When a program sequentially accesses an indexed file, RMS uses one or more indexes to determine the order in which to process the file records. Because index entries are ordered by key values, an index represents a logical ordering of the records in the file. If you define more than one key for the file, each index associated with a key represents a different logical ordering of the records in the file. Your program can then use the sequential access mode to retrieve records in the logical order represented by any index.
To retrieve records sequentially from an indexed file, your program must first specify a key of reference (for example, primary key, first alternate key, second alternate key, and so on). For successive retrievals, RMS uses the appropriate index to retrieve records based on how the records are ordered in the index.

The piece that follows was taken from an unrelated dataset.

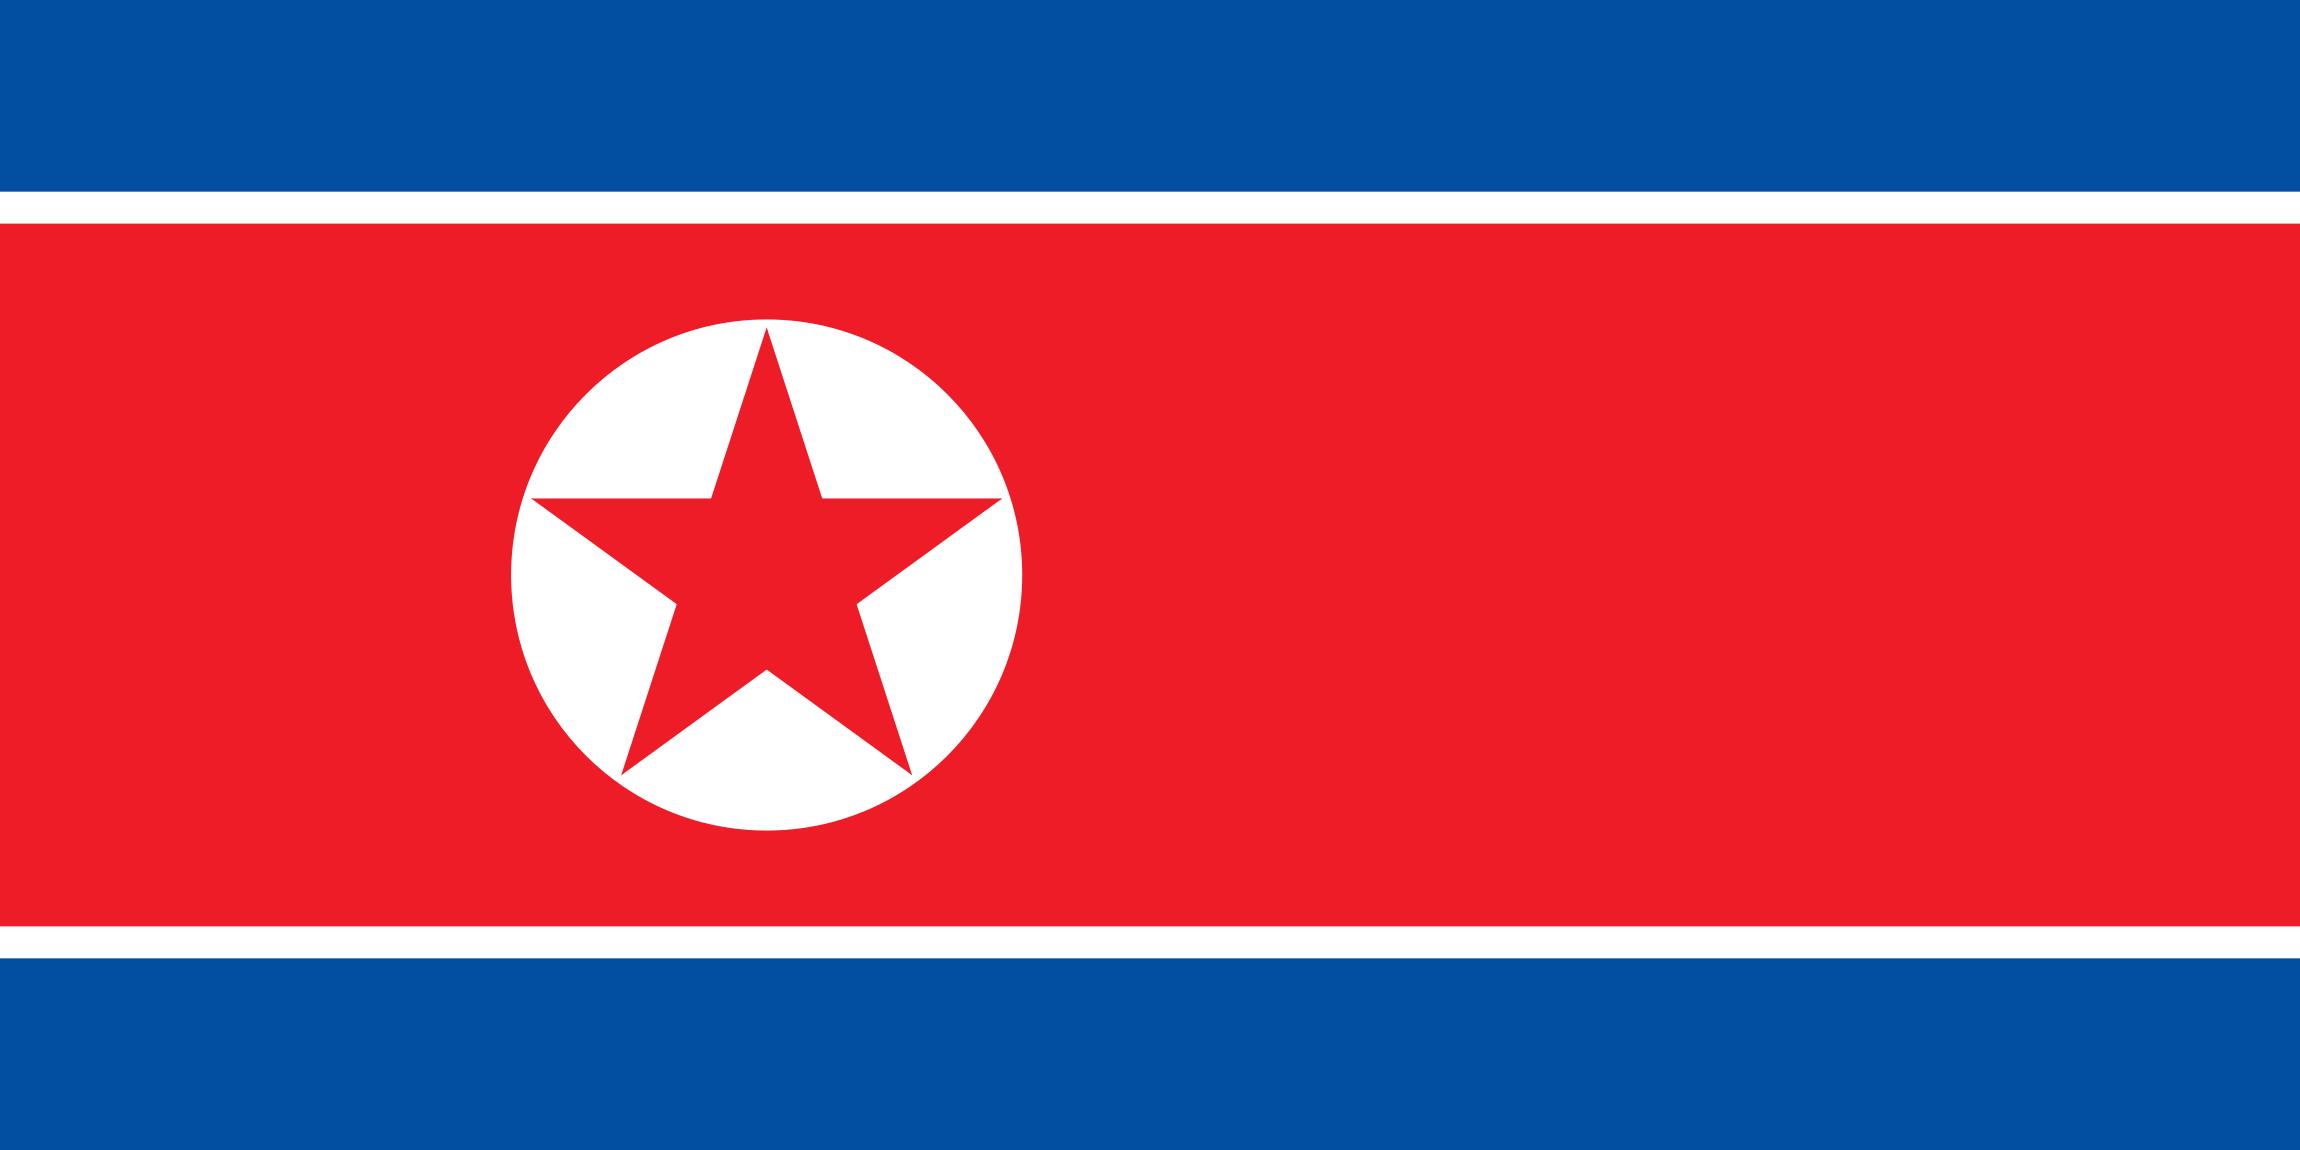 bandeira-coreia-do-norte-1

If RMS accesses the index in ascending sort order, it returns the record with a key value equal to or higher than the key value in the previously accessed record. Conversely, if RMS accesses records in descending order, it accesses the next record having a key value equal to or lower than the key value in the previously accessed record. In contrast to a request to retrieve data sequentially from an indexed file, a request to store data sequentially in an indexed file does not require a key of reference. Rather, RMS uses the definition of the primary key to place the record in the primary index and, where applicable, uses the definition of the appropriate alternate key to place a record pointer in the alternate index.
To randomly access a record from an indexed file, your program must specify both a key value and the index that RMS must search (for example, primary index, first alternate key index, and so on). When RMS finds a record with a matching key value, it passes the record to your program.